Table 2 similarly summarizes details of the five case-control studies that have been carried out, all in Sweden.24,25,28,36,37 Four of the five studies were conducted in the two northernmost counties, Norrbotten and Västerbotten. Two of these24,25 were non-overlapping case-control studies of AMI, while the other two36,37 were overlapping nested case-control studies of stroke, both based on new cases occurring in a combined sample from the same two (MONICA and VIP) studies, one based on cases occurring between 1985 and 1996, the other also including cases up to 2000. The other case-control study,28 of AMI, was conducted in two other Swedish counties, Stockholm and Västernorrland. With the exception of the earlier study of stroke, all of the case-control studies restricted attention to males. All of the cases were first occurrences of the index disease (AMI or stroke), with controls representative of the population studied.
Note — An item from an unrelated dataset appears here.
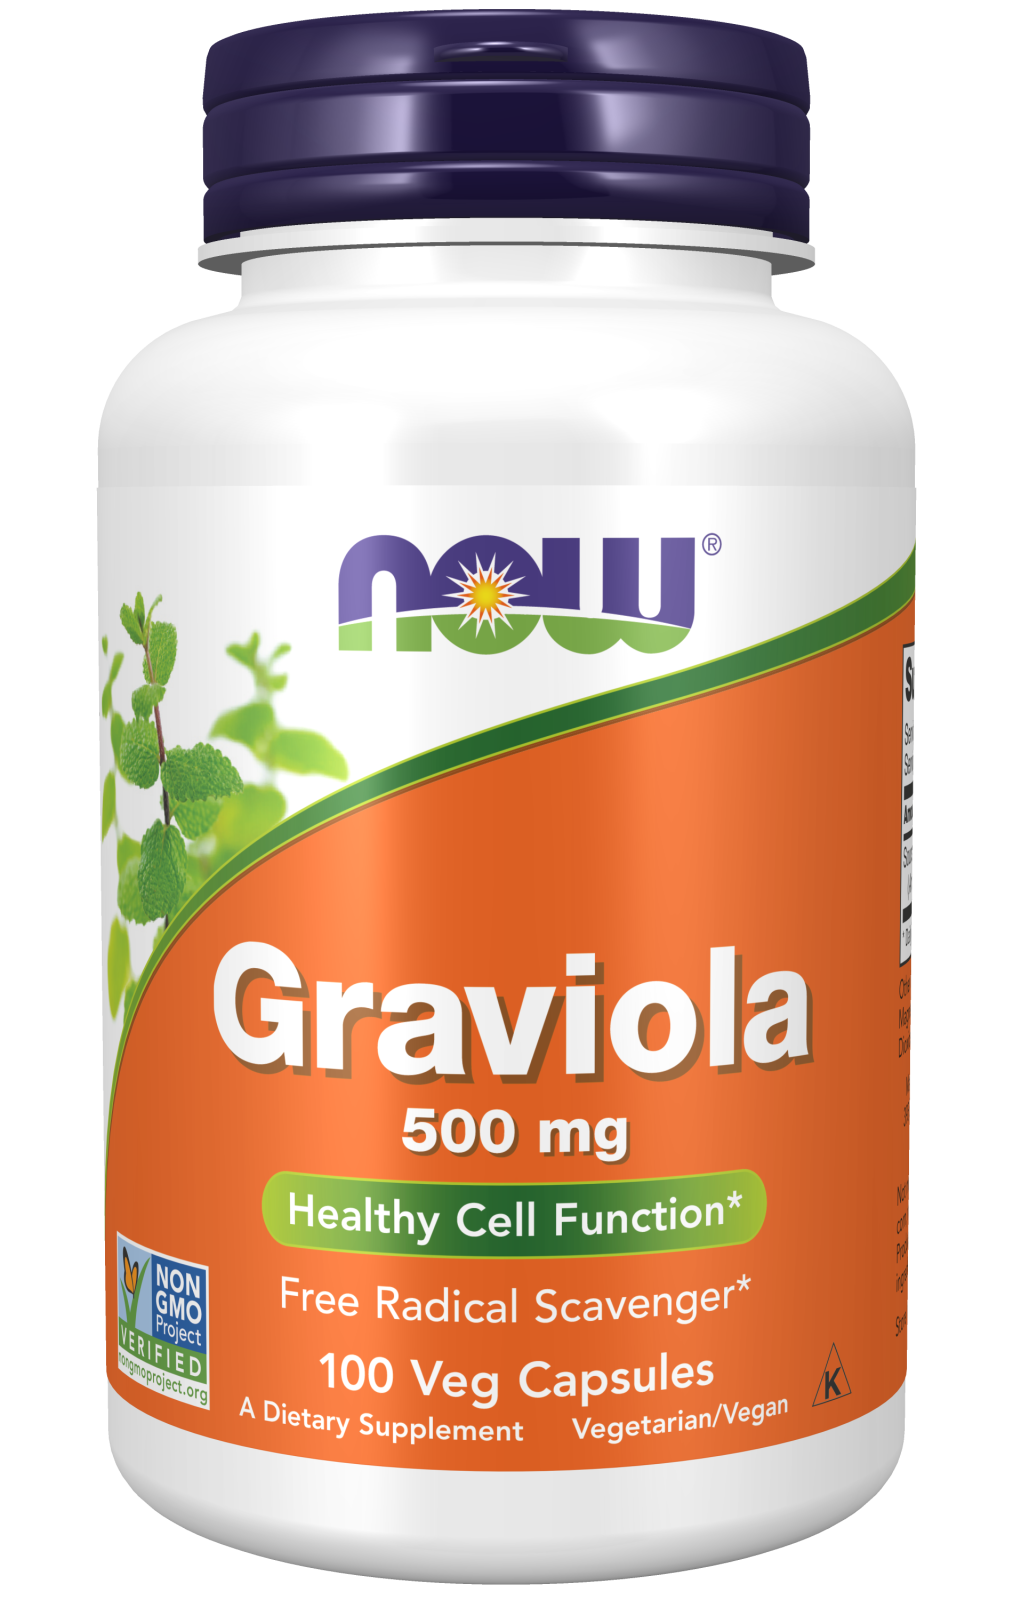 Graviola 500 mg - 100 Veg Capsules Bottle Front

While four of the studies matched controls to cases on a 1:1 or 2:1 basis on age, region and other factors, the earliest study of AMI24 did not, selecting controls in the same age range and population. The three studies of AMI24,25,28 included fatal and non-fatal cases, relying on surrogate interviews for the fatal cases, but not for their matched controls. The number of cases in the studies varied between 589 and 1432 for AMI and between 123 and 276 for stroke. All the case-control studies reported results relating to current and former snuff use, with the exception of the earlier study of stroke,36 which considered only current use. Consideration of potential confounding variables was variable, with one study36 only presenting crude results for sexes combined, and two studies25,37 reporting results adjusted for a variety of factors.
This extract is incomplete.